What you need to do:
Quote exactly and only this range of lines in the data below: the line that holds "Vieux bald retraité" to the line that holds "Alle 8,00 del", both included.

Input material:
--*--
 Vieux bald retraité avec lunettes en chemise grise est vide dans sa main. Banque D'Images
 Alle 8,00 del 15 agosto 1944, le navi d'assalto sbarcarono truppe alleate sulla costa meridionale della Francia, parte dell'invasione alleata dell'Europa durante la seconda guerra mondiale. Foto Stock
--*--
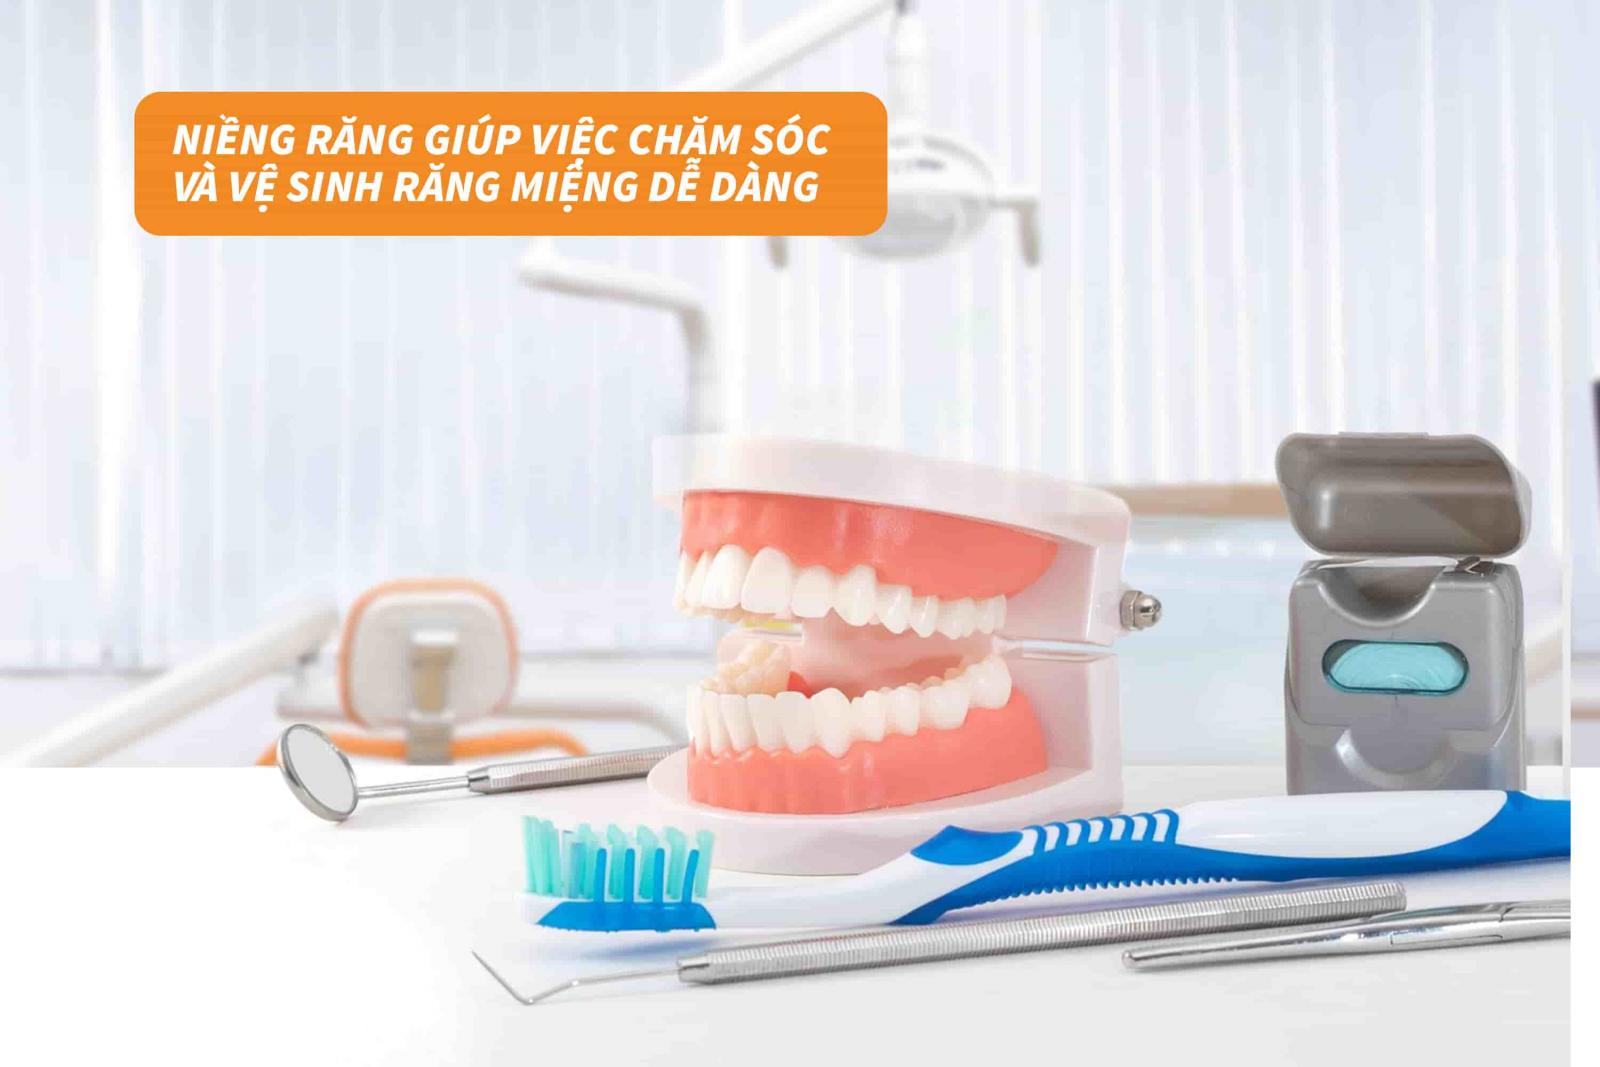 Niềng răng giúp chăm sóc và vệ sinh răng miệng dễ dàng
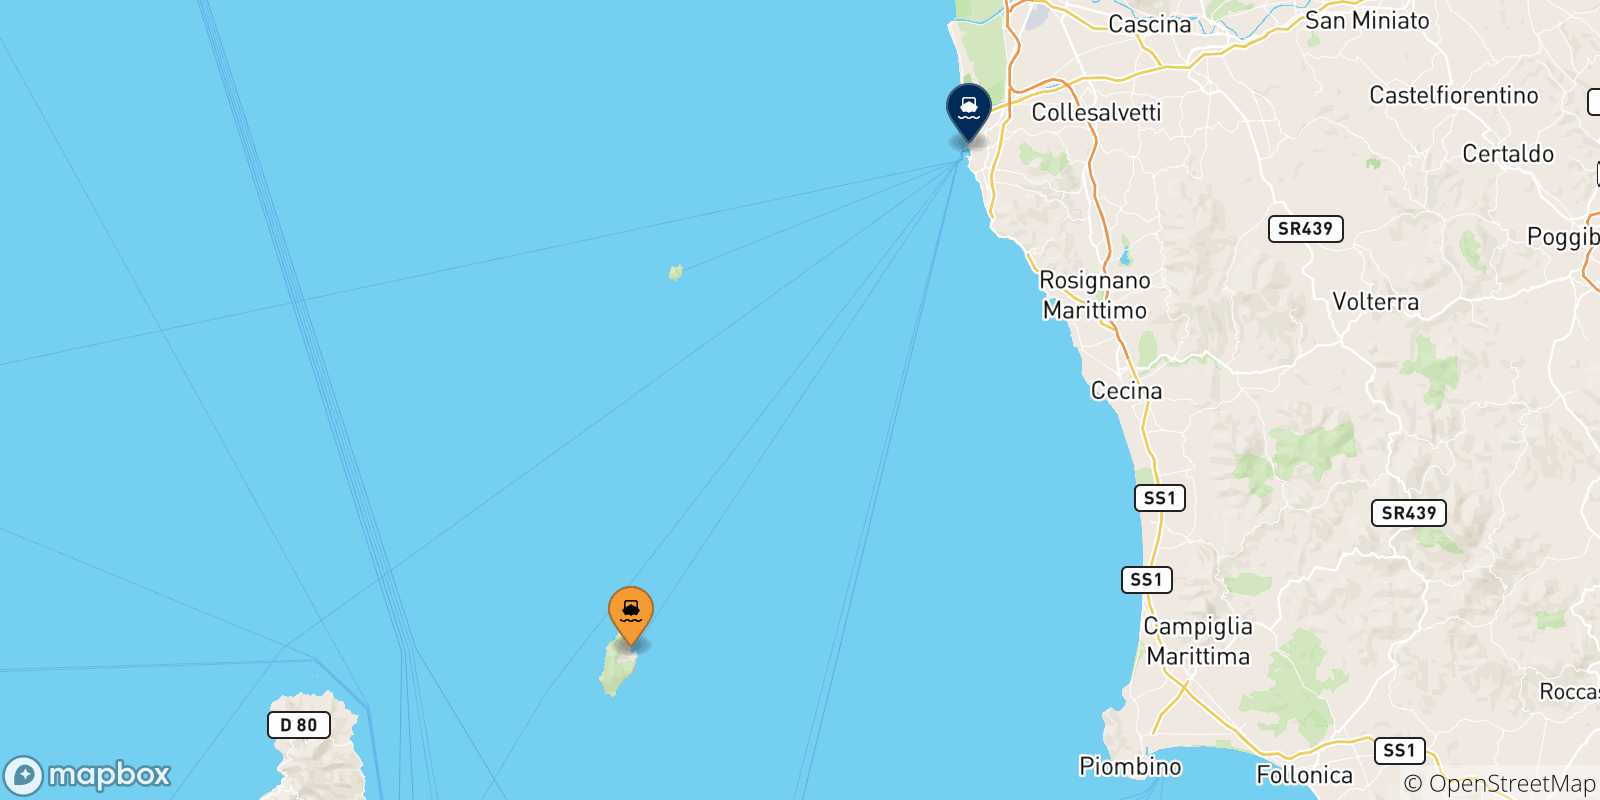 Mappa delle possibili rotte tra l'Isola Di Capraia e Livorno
--*--
Result of the task:
 Vieux bald retraité avec lunettes en chemise grise est vide dans sa main. Banque D'Images
 Alle 8,00 del 15 agosto 1944, le navi d'assalto sbarcarono truppe alleate sulla costa meridionale della Francia, parte dell'invasione alleata dell'Europa durante la seconda guerra mondiale. Foto Stock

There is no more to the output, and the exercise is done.